Alka Patel Archive: Afghanistan and Iran, Art and Architecture
The Alka Patel Archive comprises approximately 15,000 images of objects, buildings, and archaeological sites throughout South Asia (India and Pakistan), Iran, Afghanistan, and Cuba. It presents Dr. Patel’s scholarly research of the last 20 years, and her collaboration with Dr. Maureen Burns, visual resources consultant and project manager, and a number of students for metadata research and entry. In her teaching and scholarship, Patel has emphasized primary study of material culture, particularly of less-known artistic/architectural traditions.
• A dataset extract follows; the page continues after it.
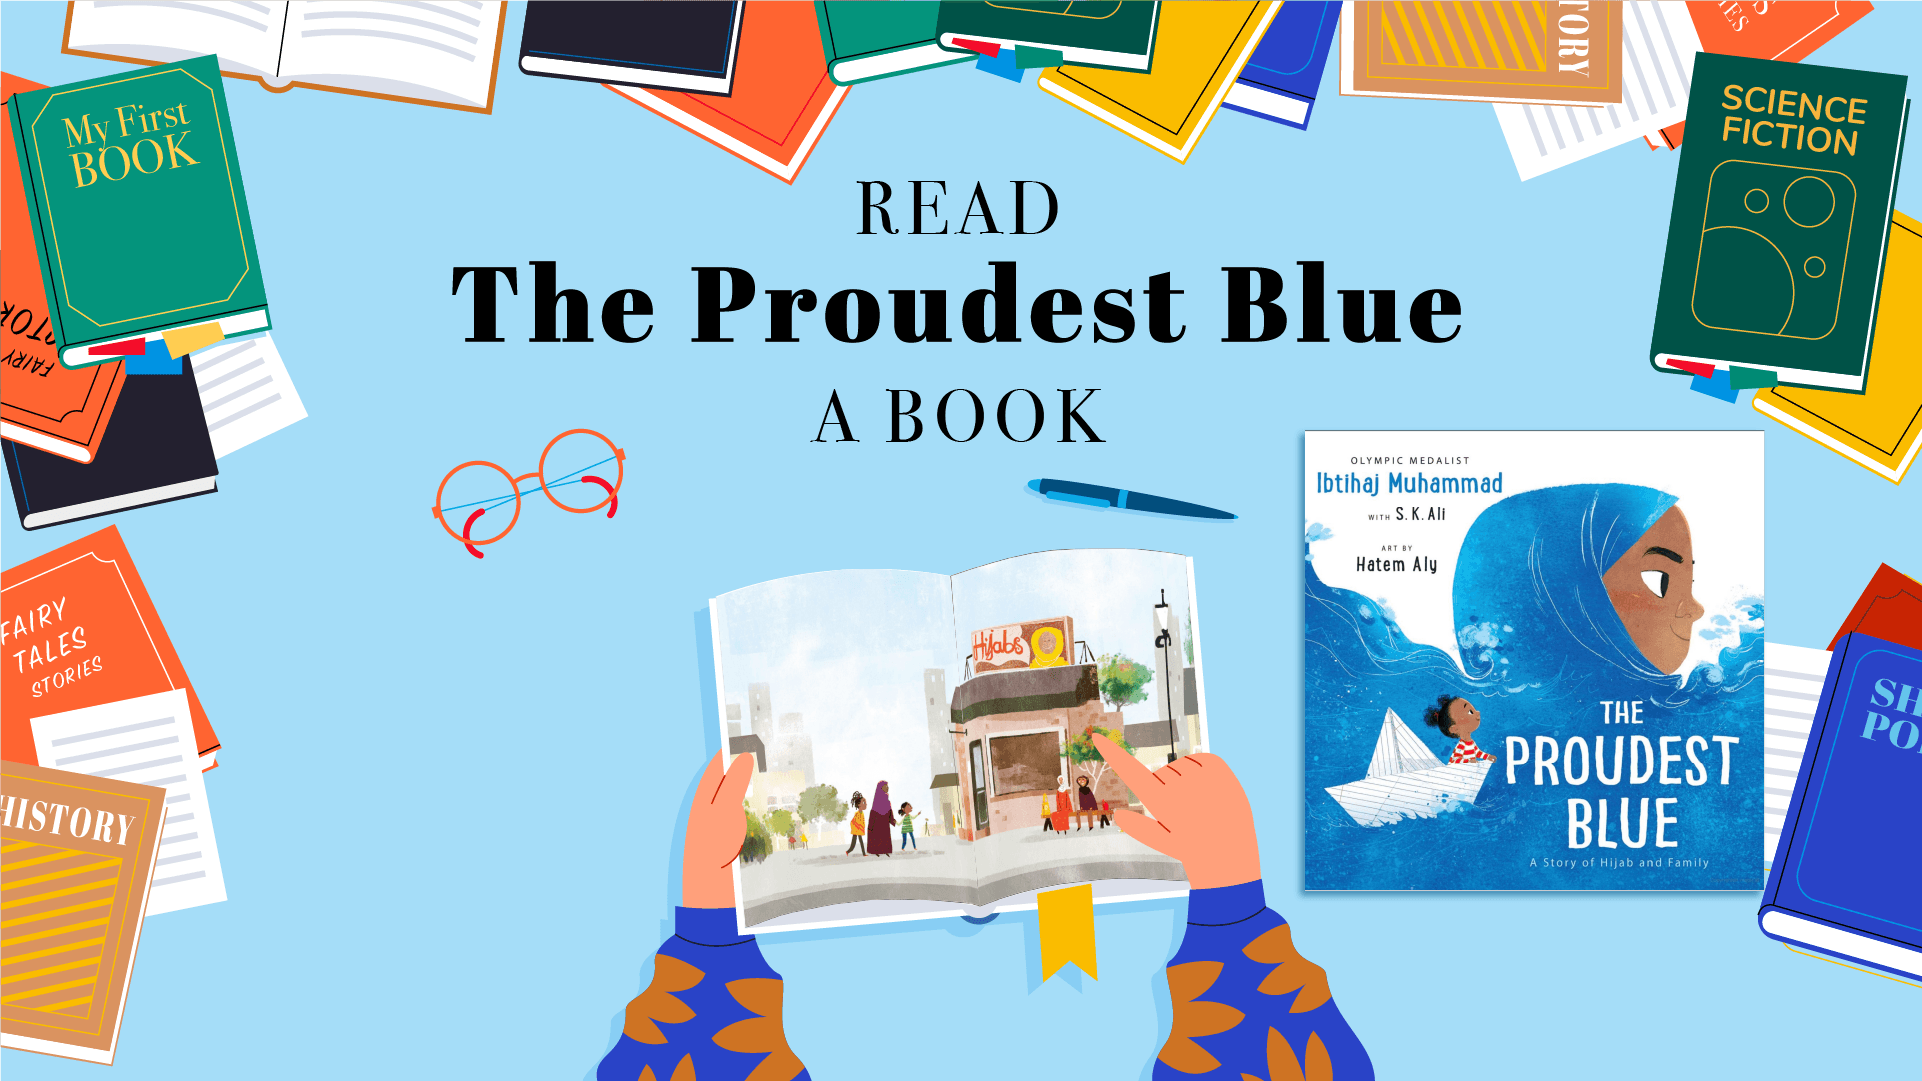 Books border, headline- first line: READ second line: The Proudest Blue third line: A BOOK graphics of orange glasses, blue pen, a person opening a book and point at the two spread pages from The Proudest Blue. The cover of The Proudest Blue on right side.

Given the uncertainty of access to many regions where Patel has led fieldwork, she has pursued a wide chronological and geographical range of documentation. She believes that providing well-researched images to scholars and teachers is essential for a thorough understanding of understudied world regions.
Dr. Patel’s documentation in Iran and Afghanistan results from her research on the Ghurid dynasty (c. 1149-1215), which originated in central Afghanistan, on the eastern peripheries of the Persianate cultural world dominated by the Saljuqs of Iran (late 10th-mid-12th centuries). Patel aimed to contextualize the Saljuq-Iranian heritage of the Ghurids in order to understand its adaptation not only in the Ghurid homelands but also in their eastern territories.
In Iran, Patel focused on the material culture and built environment of the Saljuq through later Safavid (1501-1732) and early Qajar (19th century) periods. Emphasizing the multilayered landscape of Iran’s cultural history, in Isfahan, for example, Patel documented its less studied Saljuq-era Congregational Mosque, as well as the famous Maidan-i Shah and Chehel Sutun Palace of the Safavid era.
In Afghanistan, Patel’s documentation encompassed extensive and rare coverage of ancient Buddhist sites such as Mes Aynak – still under threat from copper mining and development. Patel’s archive also includes better known monuments of the Ghurid dynasty, such as the Great Mosque (Jami Masjid) of Herat, c. 1200 CE, and the few remains of the Ghurid mausoleum (the c.1200 original structure was largely replaced in the 1940s). Patel also documented the remains of Herat’s iconic Musallah (destroyed in the mid-19th century), such as the mausoleum of the Timurid queen Gawhar Shad, and the standing minarets of the Madrasa of Husain Baiqara.
Alka Patel is Associate Professor in the Department of Art History and in the PhD Program for Visual Studies at the University of California, Irvine. She received her BA from Mount Holyoke College and her PhD from Harvard University. Patel’s research has focused on South Asia and its connections with Iran and Central Asia, including overland and Indian Ocean maritime networks. She has also maintained an interest in the Islamic history of the Maghrib (Iberia and North Africa) and Islamicate diasporas in the New World, which afforded her the opportunity to document colonial architecture in Cuba.
Dr. Patel’s publications include Building Communities in Gujarat: Architecture and Society during the Twelfth-Fourteenth Centuries (Brill 2004), Communities and Commodities: Western India and the Indian Ocean, for which she was guest editor of a special issue of Ars Orientalis XXXIV (2004). Patel also guest-edited Archives of Asian Art LIX (2007), an issue on reuse in South Asian visual culture. Her interests have expanded to mercantile networks and architectural patronage in modern South Asia, as evidenced in Indo-Muslim Cultures in Transition (co-ed. K. Leonard, Brill 2012). Her recent volume India and Iran in the Longue Durée (Jordan Center for Persian Studies 2017), co-edited by Touraj Daryaee, resulted from an conference analyzing Indo-Iranian connections over two millennia. Patel’s most recent book is Iran to India: The Shansabanis of Afghanistan, c. 1145–1190 CE (Edinburgh University Press 2021).